Llegaba con retraso. Así que, asumiendo ya a Carlos arriba, compuse el sésamo digital que me permitió granjear la puerta, subí en ascensor, toqué el timbre.
—¿Sí? –abrió una mujer singularmente guapa, de cabello castaño y corto, ante quien vagamente me identifiqué. Me hizo pasar y me tomó de las manos una mediocre botella de vino, al tiempo que me comentaba que Miguel estaba descansando porque esa noche tenía que trabajar. Pero que me pusiera cómodo: no tardaría en salir. Me condujo al salón y, acto seguido, se excusó y se perdió por un pasillo.
Era, constaté con rubor, el primero en llegar –y no precisamente un invitado– en casa de perfectos desconocidos. En una mesa ya dispuesta había champán y algunas bandejas de sofisticados entremeses. “Mi tinto de seis euros va a desentonar”, me dije maldiciendo al amigo ausente. Pero ya ni manera de emprender la retirada.
Efectivamente, Mora no demoró. Entró a la estancia un hombrón apuesto, vital y franco, con la camisa blanca abierta tres botones. Me estrechó la mano con vigor. Me perdía yo ya en burdas justificaciones pero él supo ponerme cómodo a golpe de cordialidad y desenfado.
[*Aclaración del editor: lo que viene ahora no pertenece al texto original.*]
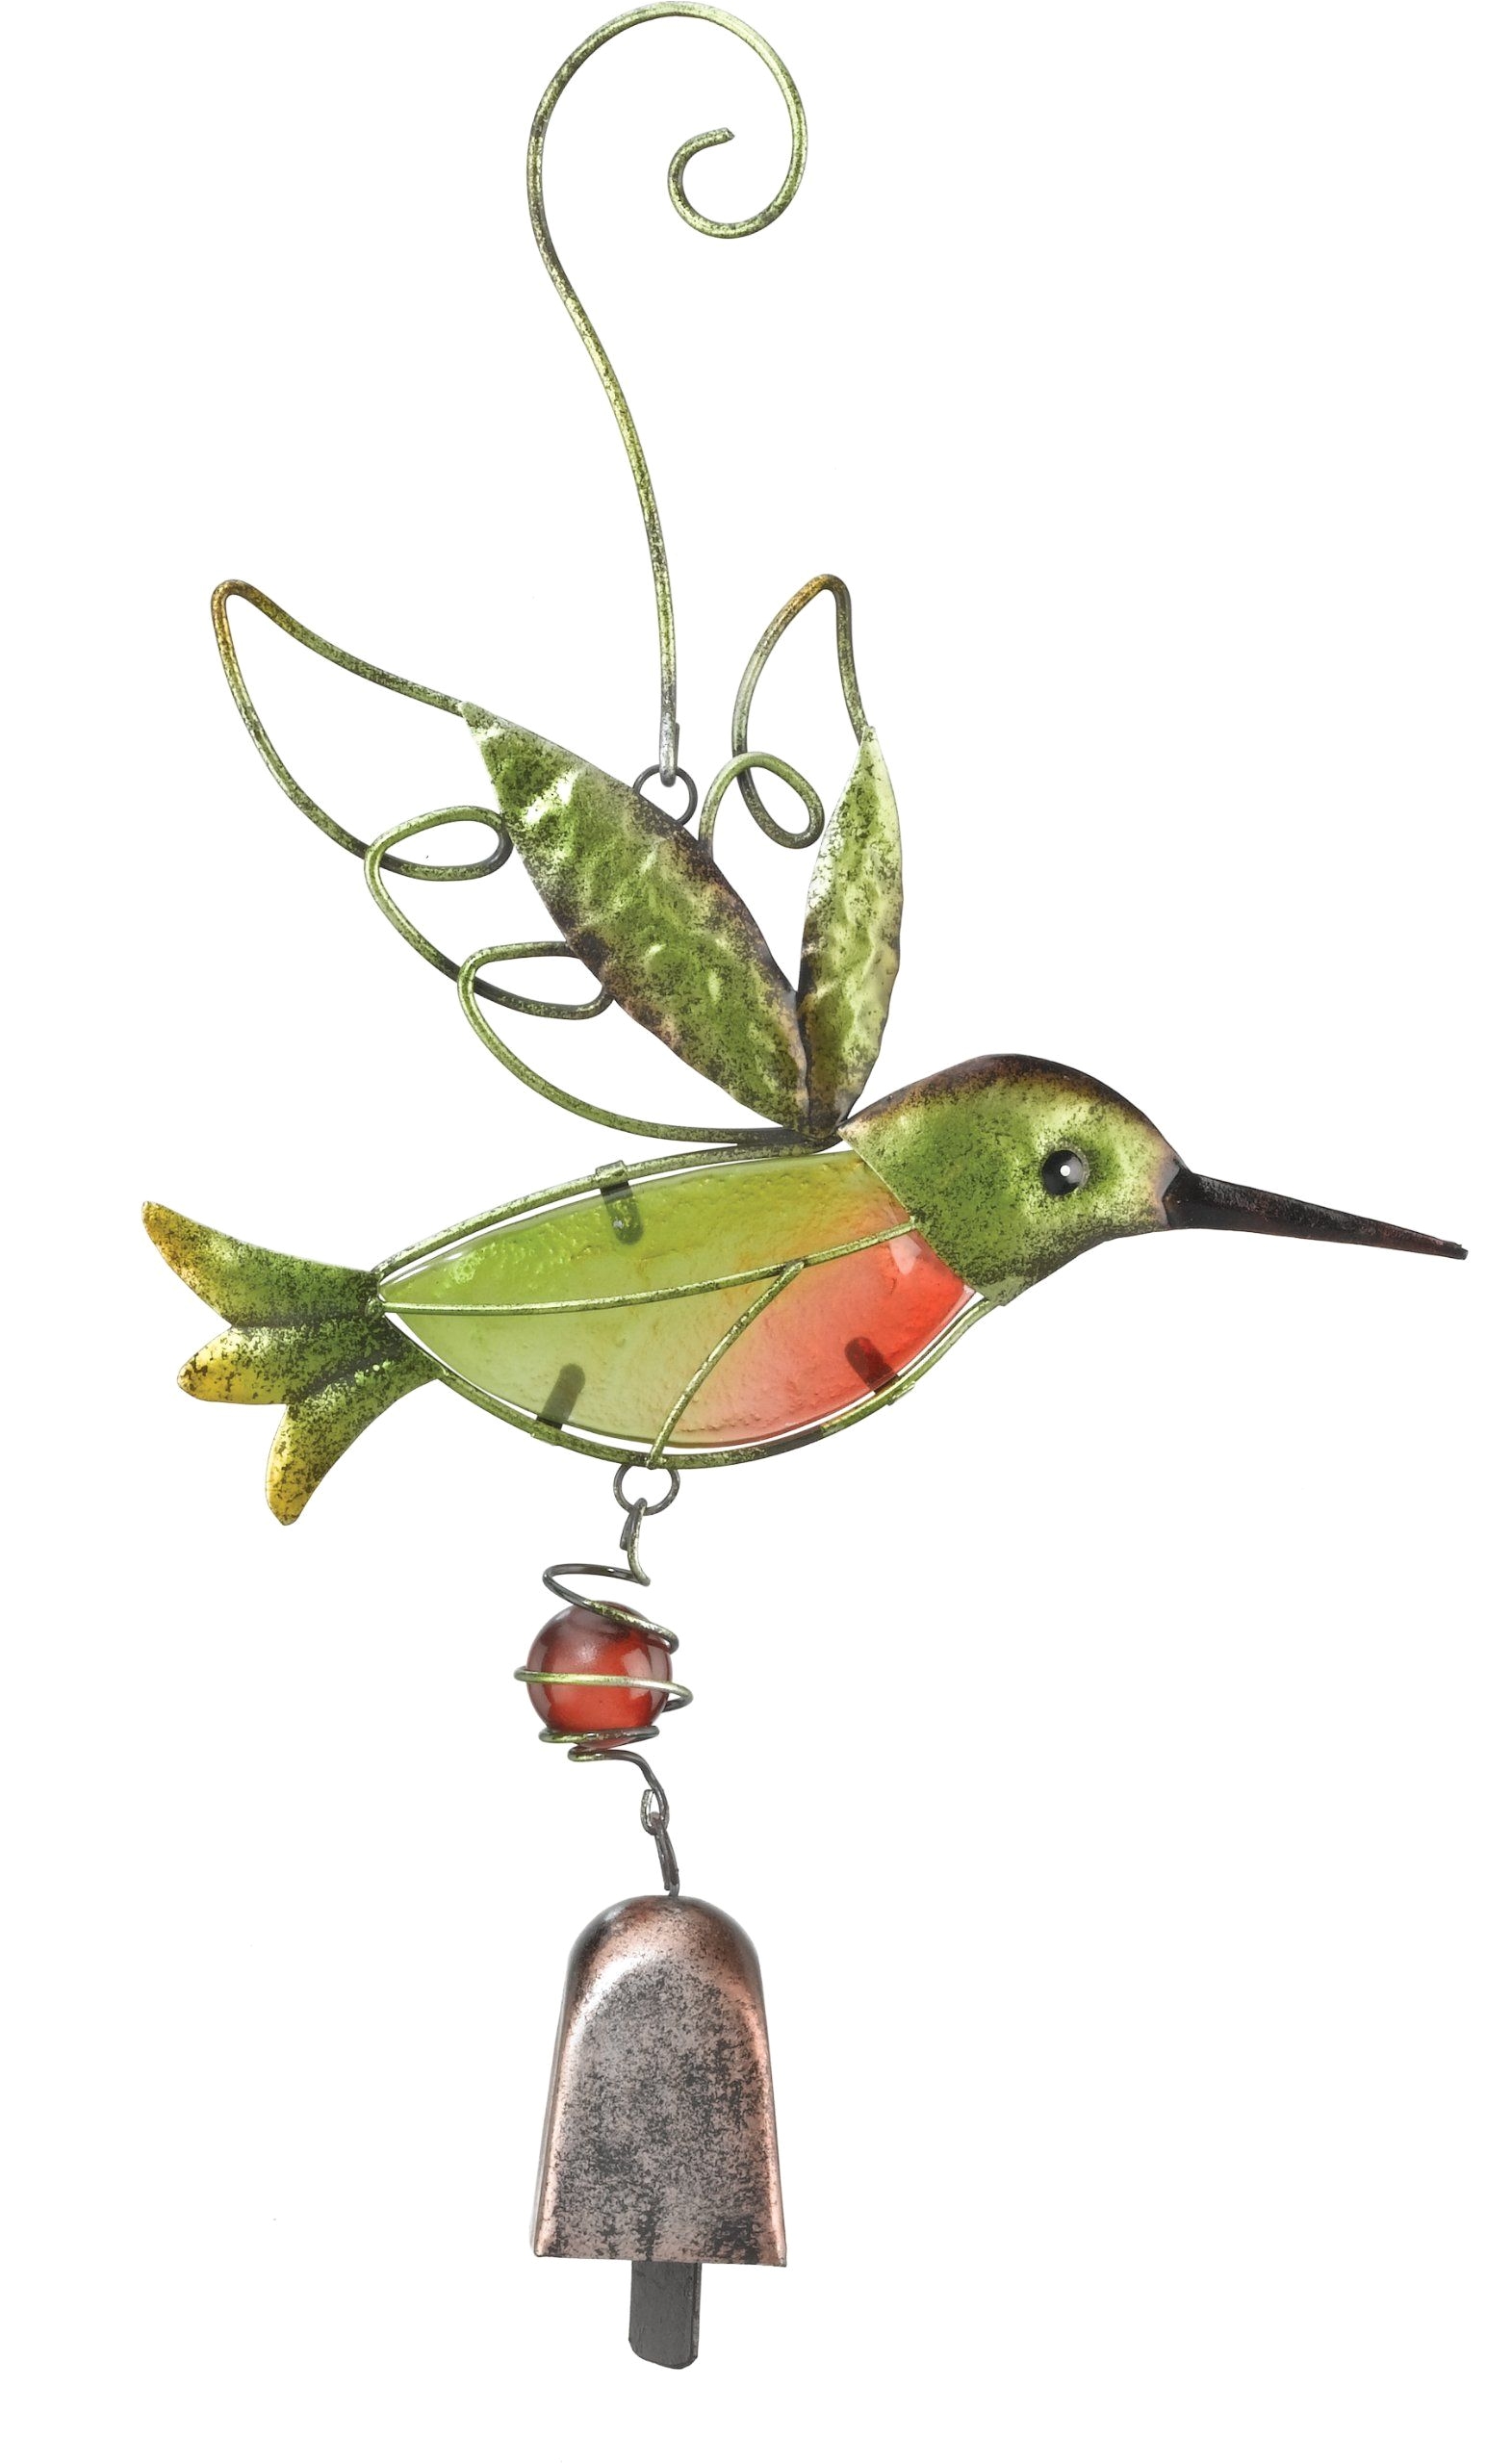 amazon com regal art gift hummingbird ornament with bell garden stakes

Yo había tenido tiempo, estando solo, de examinar la estancia y leer algunos de sus signos. Así que, bueno, como entrada en diálogo, elogié sincera e inocentemente un cuadro de pequeño formato que colgaba en la pared: una calle vacía, tejados de aleros contrapuestos. Luego resultó que aquella escena, por razones ajenas al estricto mérito artístico, era un punto nodal en aquel doble salón del 7ème Arrondissement...
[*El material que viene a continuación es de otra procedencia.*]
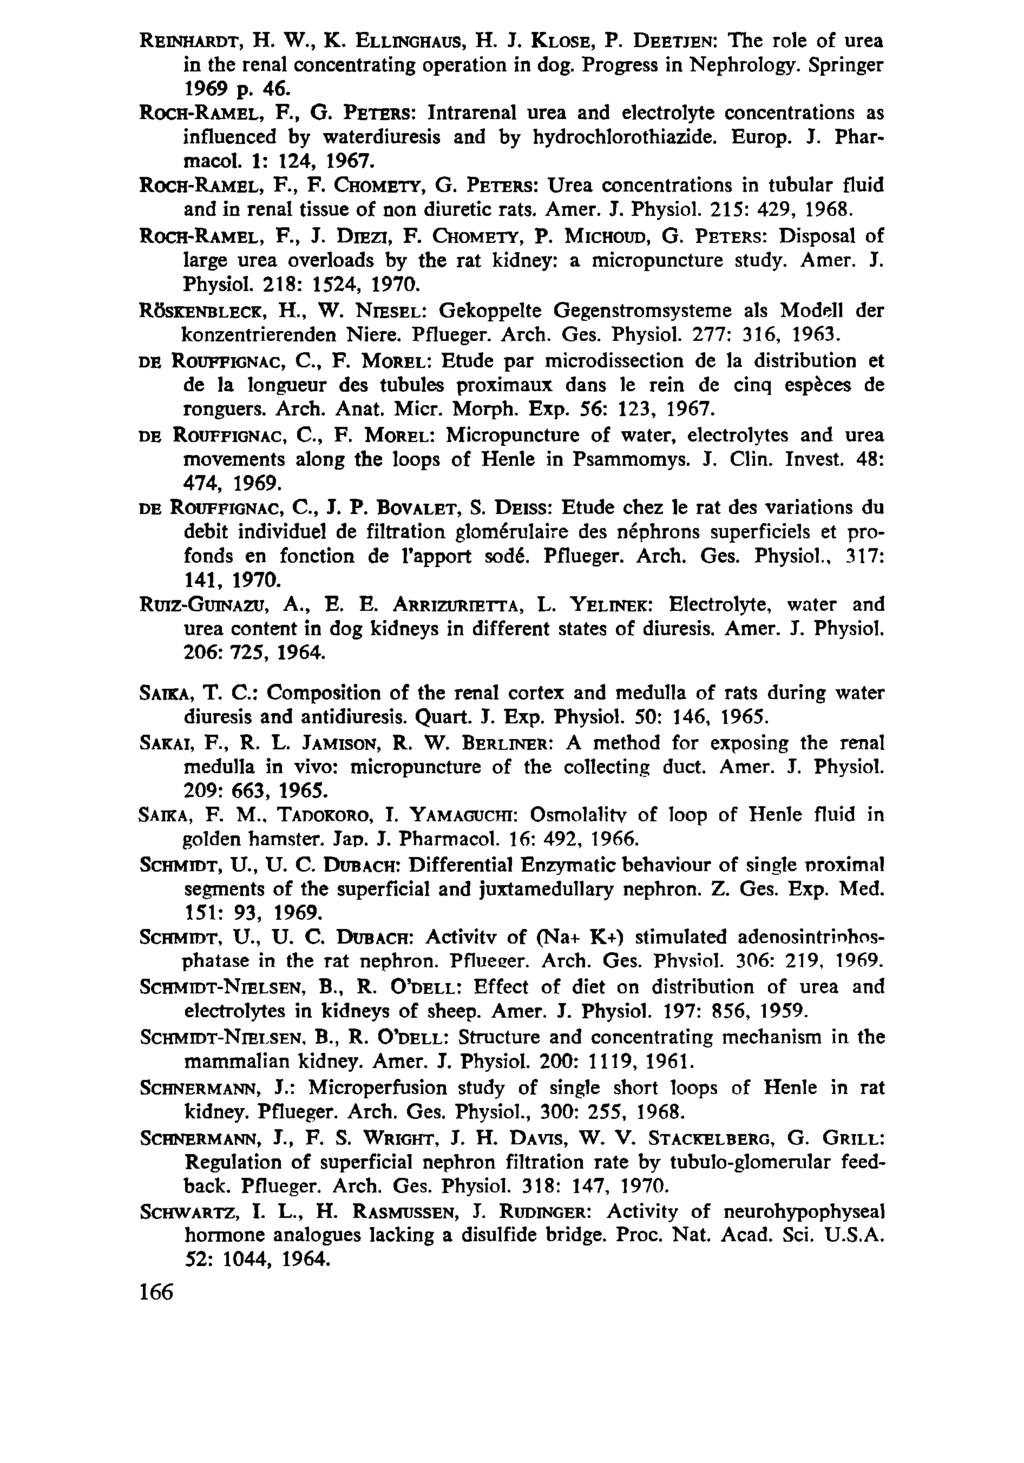 REINHARDT, H. W., К. ELLINGHAUS, H. J. KLOSE, P. DEETJEN: The role of urea in the renal concentrating operation in dog. Progress in Nephrology. Springer 1969 p. 46. ROCH-RAMEL, F., G.

Al poco sonó el timbre y entró, junta, la comitiva de invitados. Carlos, airado, me increpó:
—¡Si estás aquí, cabrón! ¡Llevo veinte minutos esperando en la acera!
(Carlos era, todavía en el 2012, refractario a los teléfonos móviles.)
Se conversó, se rio, y a mi vinito bon marché no se le puso reparo. Se descorchó champán –¡pop!– en la ventana.
Había un televisor encendido. Cerraba, lo he mencionado ya, la jornada electoral en Francia y de Miguel Mora, el corresponsal estrella, se esperaba el reporte, el dispatch, el análisis. En cuanto el conteo de votos pintó incontrovertible, Mora se retiró.
Detrás de la puerta-cancel de vidrios biselados que cortaba en dos la estancia Miguel tecleaba con celeridad, fumaba con ahínco. Dando por sentada su noche en vela, lo compadecí. La velada prosiguió sin él, grata y jovial: el abyecto y aborrecido sarkozismo se largaba al fin.
Cosa de una hora más tarde, la puerta-cancel se abrió y entró un tufo a tabaco. Ya estaba: Mora había enviado su despacho desde el frente.
¿Ya? Quedé atónito –¡a mí me toma media jornada atar dos tristes frases!
Miguel volvió a convivir y, con absoluta naturalidad, organizó la conversación, le forjó un cauce. (Al día siguiente, leí en internet la pieza en cuestión y quedé todavía más azorado. Y conquistado por la pertinencia, la precisión de análisis, el posicionamiento moral: su prosa clara y comprometida esclarecía mis propias, confusas intuiciones, les otorgaba contorno...).
Pocos días más tarde, Carlos me preguntaría si me quedaban ejemplares de mis libros. Mora le había escrito para decirle “tu amigo es un lindo y es un placer oírlo. Mándame sus escritos, que me apetece mucho leerlo”.
¿Un lindo? Sospecho que mi sentida apreciación del modesto lienzo mucho tuvo que ver en su temprana simpatía. Algo puse en un sobre y se lo hice llegar.
Corrió un par de años. Yo había trocado París por Barcelona, terminaba una primera novela, y acompañaba a mi mujer en la gestación de nuestro primer hijo. Me llegó un correo electrónico. Miguel me contaba que había trocado la Ciudad de la Luz por los Madriles, y que contaba jugarse la indemnización de dos décadas de servicio en la fundación de un nuevo medio digital. Estaba aliando sus tropas. Me invitaba a colaborar.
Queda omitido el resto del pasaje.